I actually wanted to ask you what the secret is to staying together as a group for 25 years.

— For me, the essential thing is this: we're a group that understands that the goal, the purpose, is to create. And by creating, I mean leaving a legacy of songs and albums. If you understand this, you see that there's nothing more important than having fun with what you do. I have friends in bands who don't enjoy it, even though they're incredibly talented and write wonderful songs. But you can see they're not thrilled when they're on tour or that they don't enjoy themselves when they're on stage. And they put up with it for three or four years, and when there's even the slightest tension, they look for side projects or go solo. In our case, if anything explains why we're still together, it's that we have so much fun.

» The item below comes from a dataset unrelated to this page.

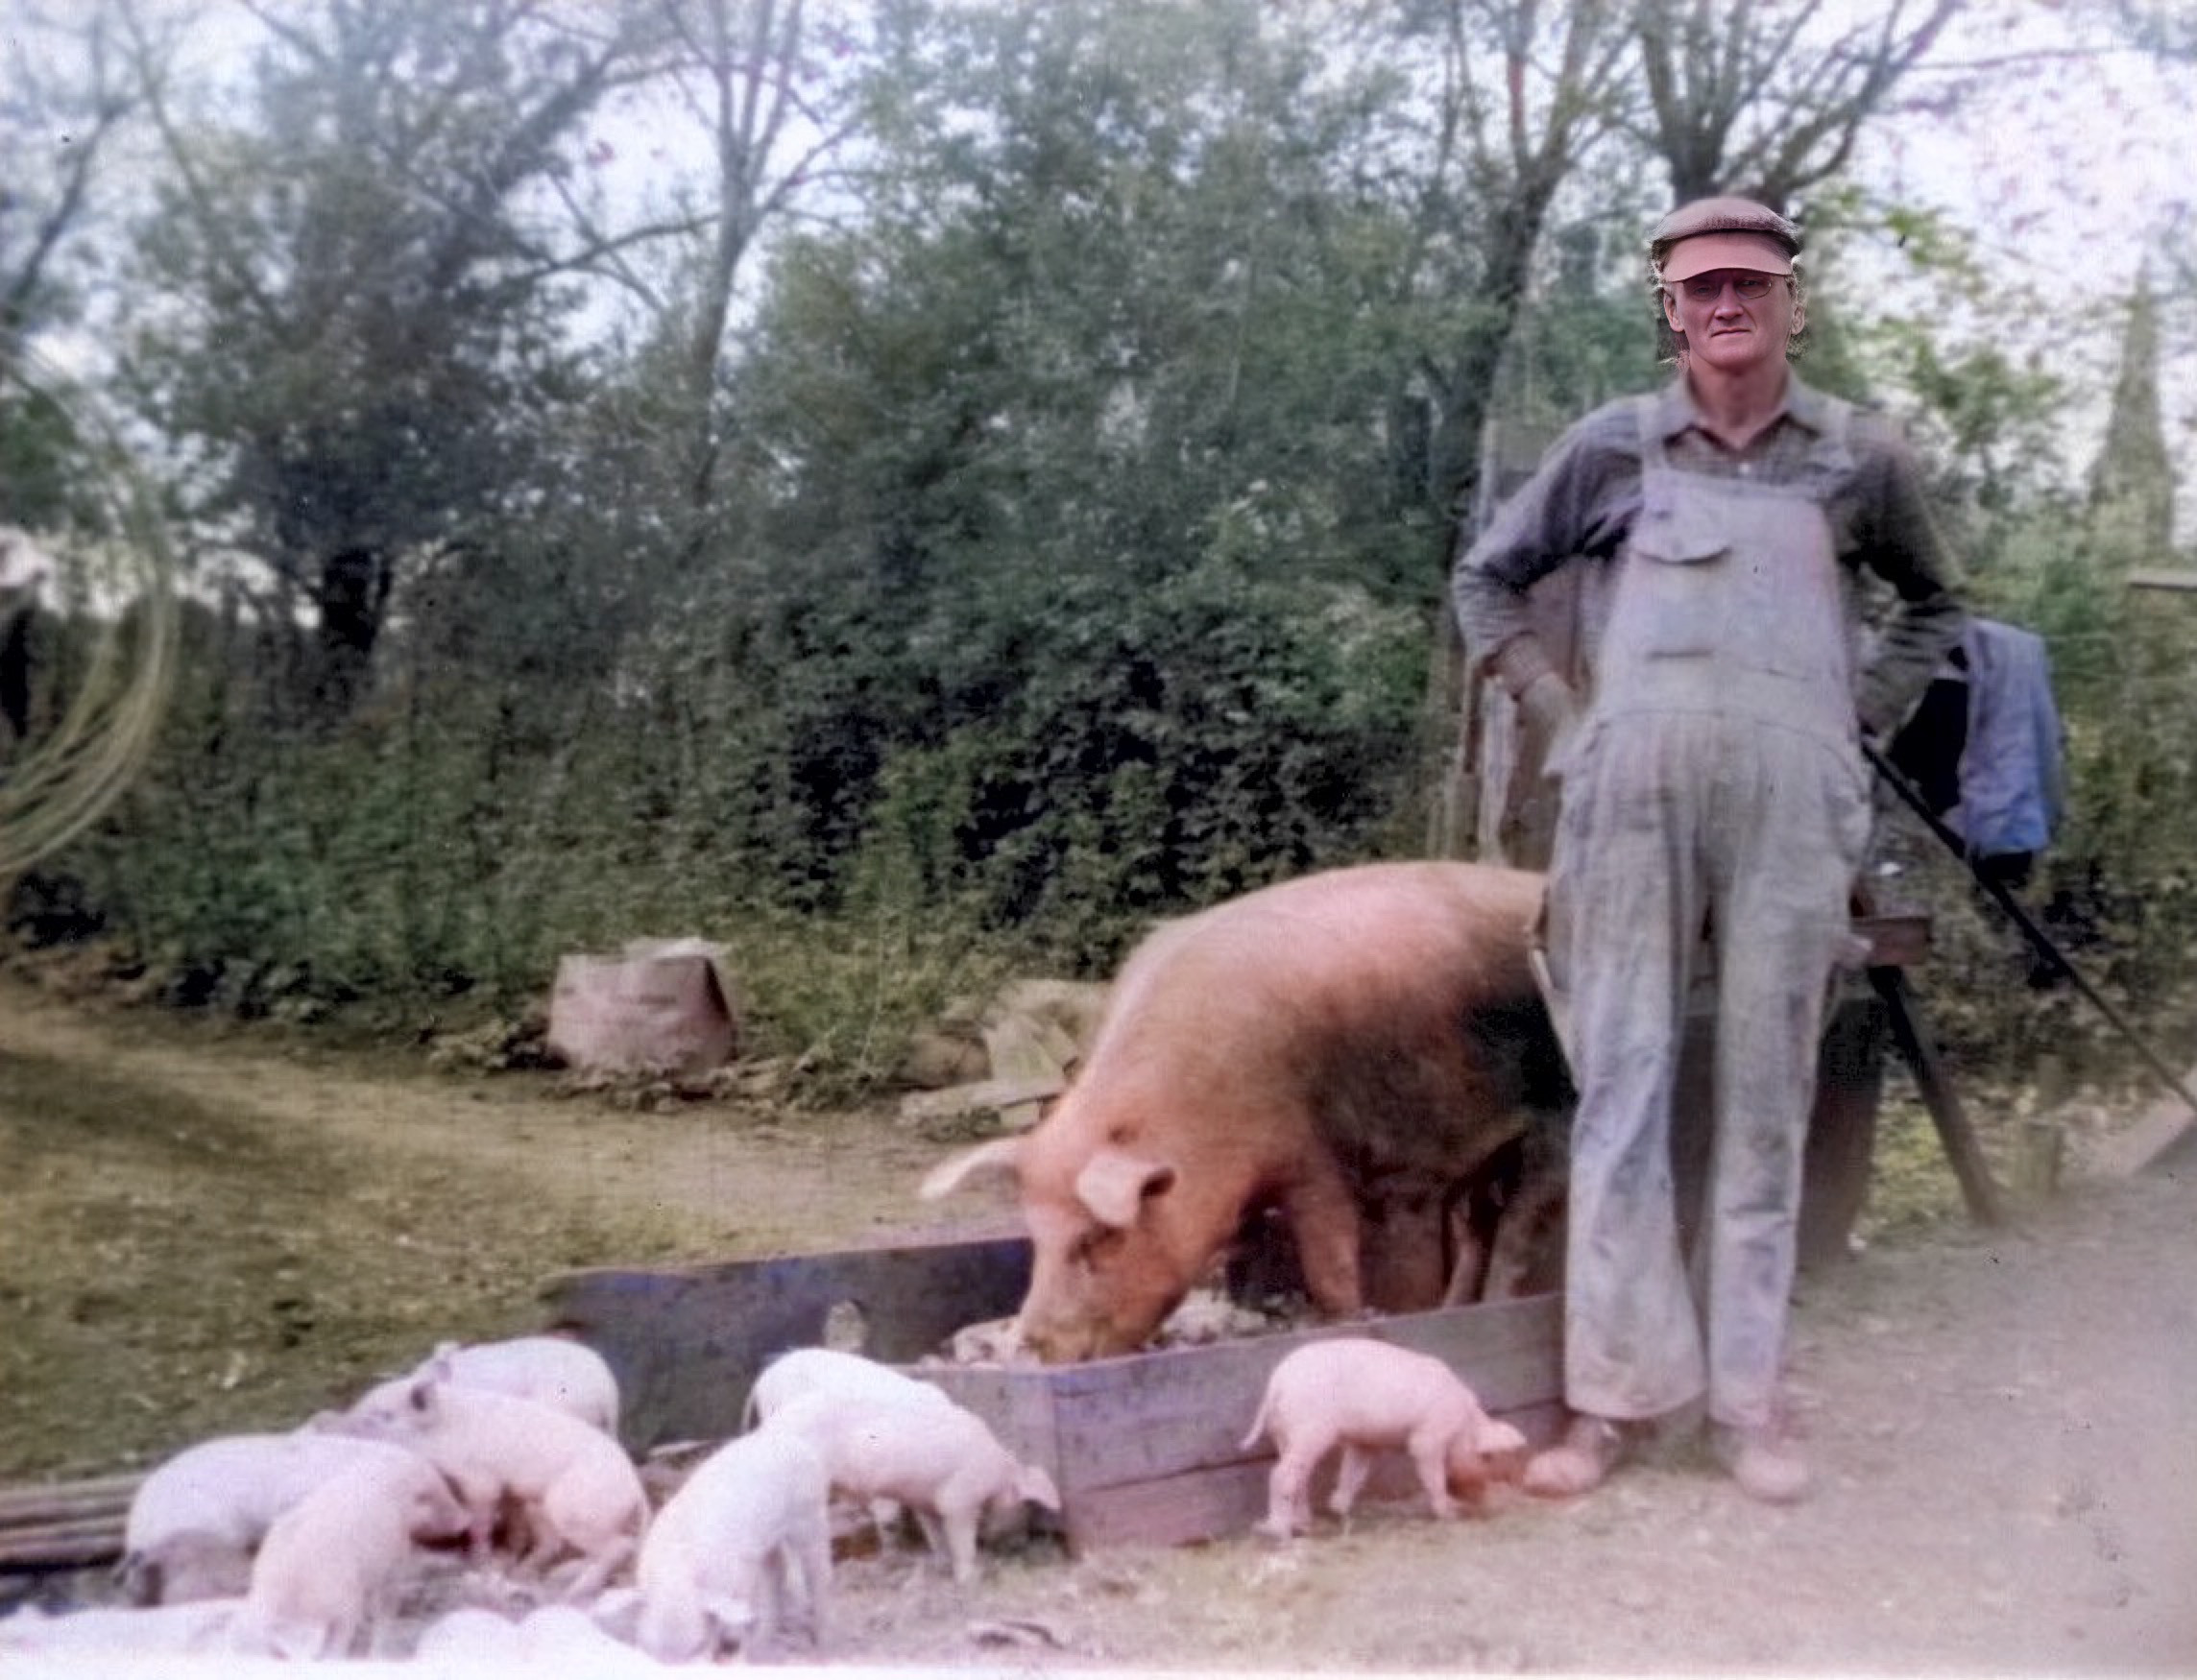 My wife’s paternal great-grandfather, Andrew, raising hogs in Minnesota. 1930’s

It made me think of something Antonina Canyelles once told me.If I suffered because of writing, I wouldn't write. We're not that naive. 

— [Laughs] Well, there are some really great people who have a terrible time. Brian Wilson himself, from the Beach Boys, a genius who took many years to realize he didn't like performing. Due to personality issues, he had a terrible time and gave up touring and dedicated himself to composing, until he resumed it later in life. A music career has many facets; it's not just composing in your bedroom or going on stage. And it also has an element of financial instability, things like one album doing well and the next not, which makes it difficult to make a living from it. Not everyone can combine it all, or endure it. Being a great artist isn't synonymous with lasting many years.

Does the instability of the sector also affect a group like Mishima, which has been absolutely fundamental to the Catalan music scene for the last 25 years?

— Of course! There are bands that achieve recognition from their first album, and that allows them to plan ahead. However, if the next album doesn't do well, the touring slows down, they lose the security they had, and they have to decide whether to continue, combine it with other work, or quit altogether. We've had good artistic recognition from the beginning, but we didn't have an audience.

And how is this received?

— Well, we assumed it was something separate, that having an audience would be a gift, but that our vocation was to create art. Surely the audience came with Seven all my life, or even more so with Order and Adventurewhich was already our fifth album. If you've made five without public recognition, without ever feeling like you could make a living from this… You train and decide whether to give up or continue because of your commitment to the work. And we continued.

Did David Carabén, as a child, ever imagine himself leading a side like Mishima?

— Absolutely not! As a child, I wanted to be a footballer and many other things besides a musician. I had a strong vocation for being a filmmaker and film critic, and for working in television. But music was a hobby that kept growing. And most likely, after my father's death, which I found the strength to overcome, I realized that it was something powerful and that I was, in a way, destined for it. That I would continue doing it even without financial or commercial recognition. That's where it all began. Call homeFrom that state of mind, and from seeing that I had a group of people to do what I needed to do.

Does Mishima's immediate future involve a new album?

— We plan to start recording it in March, so we'll get to work after the Christmas tour. The goal is to release it after the summer, or maybe next spring. So right now, we're just crossing our fingers and seeing how we manage. This world is constantly unstable, but luckily, our strongest commitment is to ourselves.